License BSD-3 PyPI Python Version tests codecov napari hub

napari-OMAAS stands for Optical Mapping Acquisition and Analysis Software for panoramic heart imaging

This plugin intends to be an analysis and acquisition tool for optical mapping in potentiometric (Vm) or calcium (Ca2+) fluorescence signals obtained from panoramic imaging of intact hearts.

This plugin is in a very early developmental/experimental stage so expect very braking changes at anytime. At the momment supports reading images in .sif format from Andor Technologies powered by the sif_parser python module.

Usage

This plugin can read images generated with Andor Technologies cameras. It has been currently tested on Zyla cameras. Just drag and drop an image to the napari GUI, and the image will display. Alternatively, you can programmatically load/read the image within a notebook.

import napari

file = "path/to/my/file/my_image.sif"

viewer = napari.Viewer()
viewer.open(path=file, plugin="napari-omaas", name = "my_image")

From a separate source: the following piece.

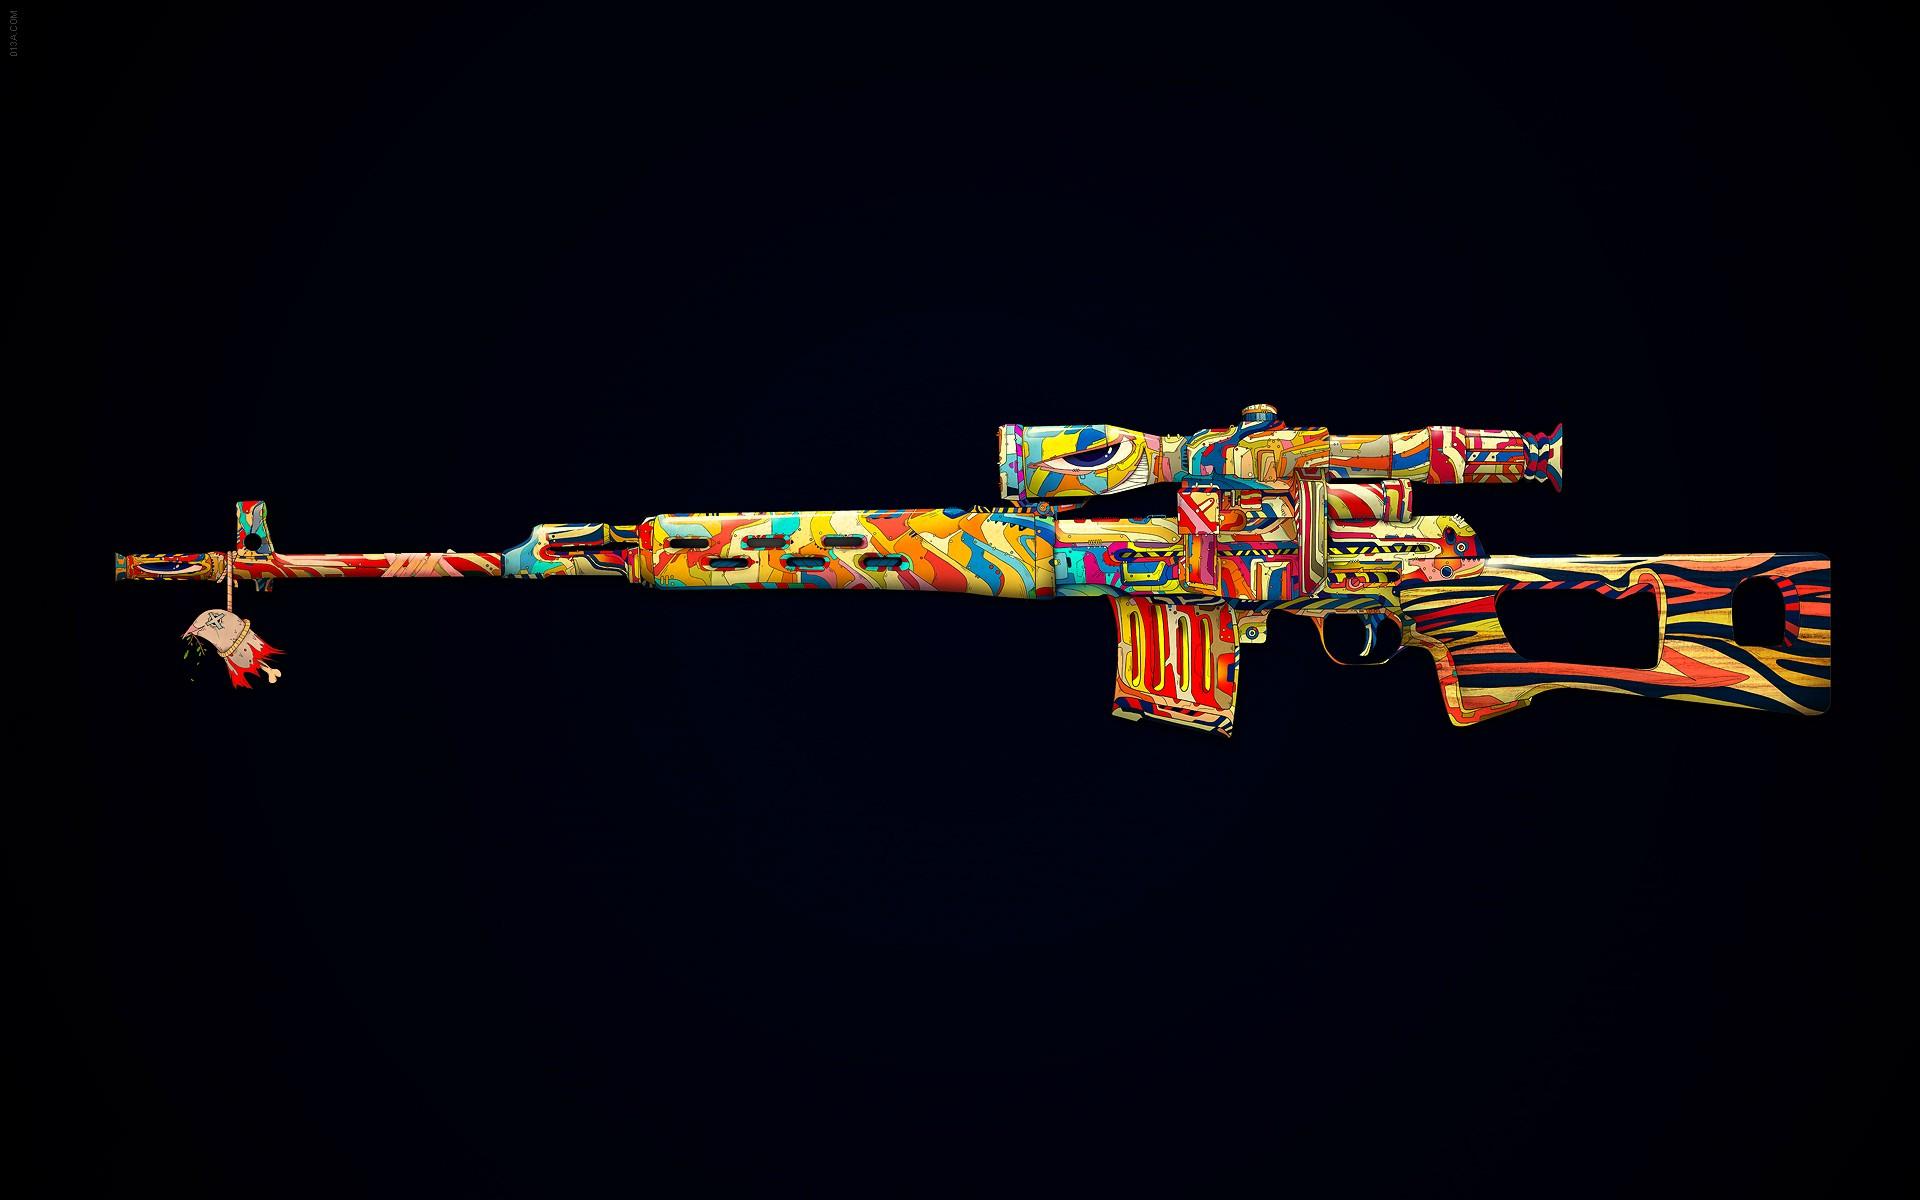 Pubg Sniper Wallpaper: Sniper Wallpapers HD
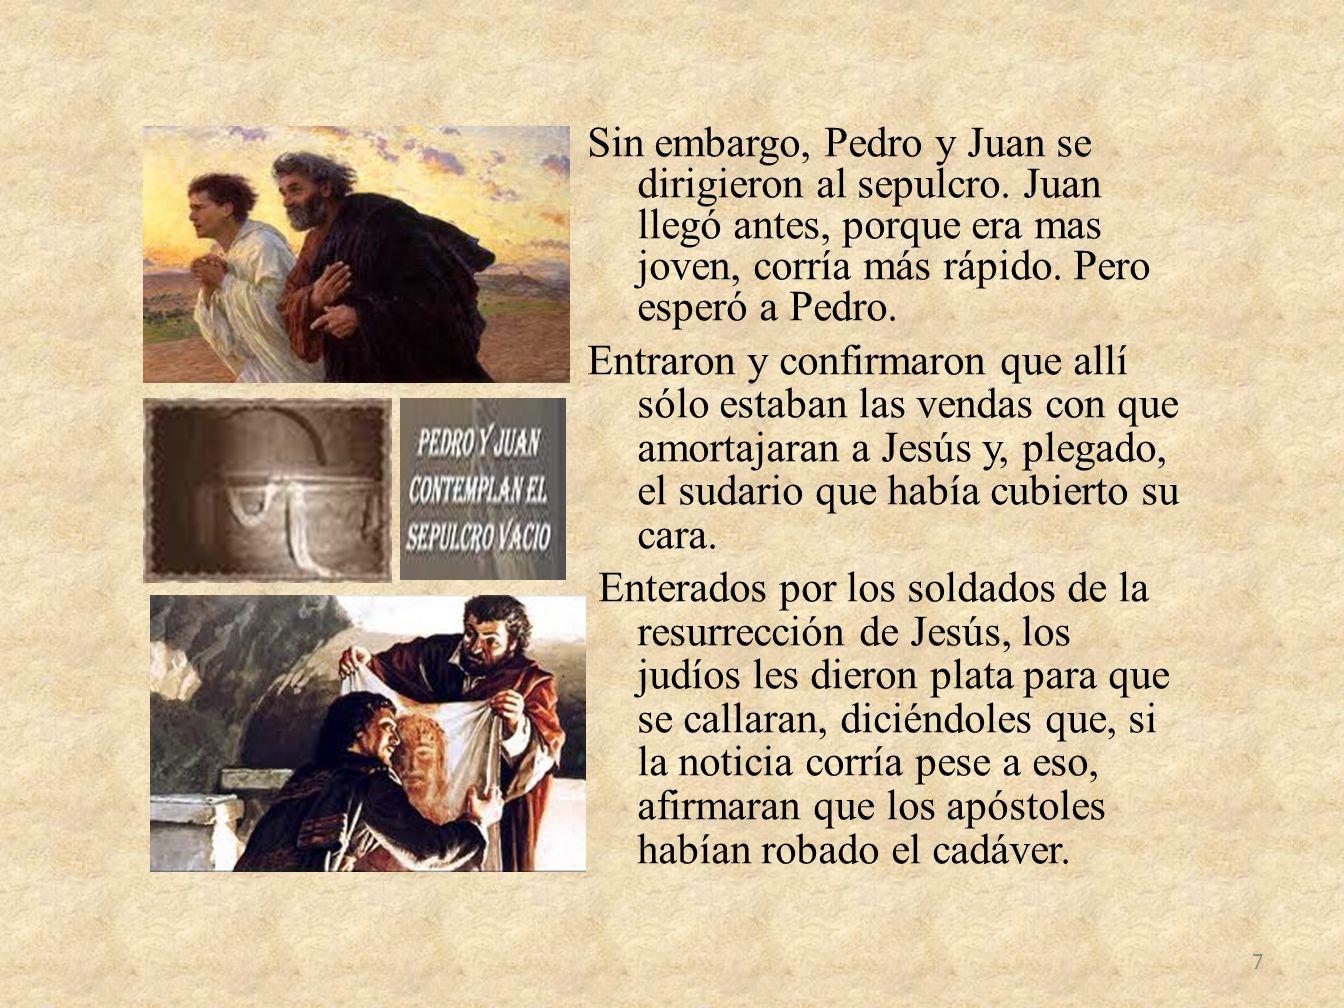 Sin embargo, Pedro y Juan se dirigieron al sepulcro. Juan llegó antes, porque era mas joven, corría más rápido. Pero esperó a Pedro. Entraron y confir

to display the metadata use the standard call to the corresponding layer:

viewer.layers['my_image'].metadata

In addition to opening this specific image format (.sif), it allows the users to perform some basic operations and visualization on images, such as normalization, temporal/spatial filters, motion tracking/compenstaion, plot profile, etc.

Examples

The following example ilustrate how to perform normalization (pixelwise) on a time serie image and plot its 2d profile along the t dimension withing the average data from the ROI selected.

The next example shows how to compute action potetnial duration in the same image stack.

Roadmap

This plugin is composed of two major components: analysis and acquisition.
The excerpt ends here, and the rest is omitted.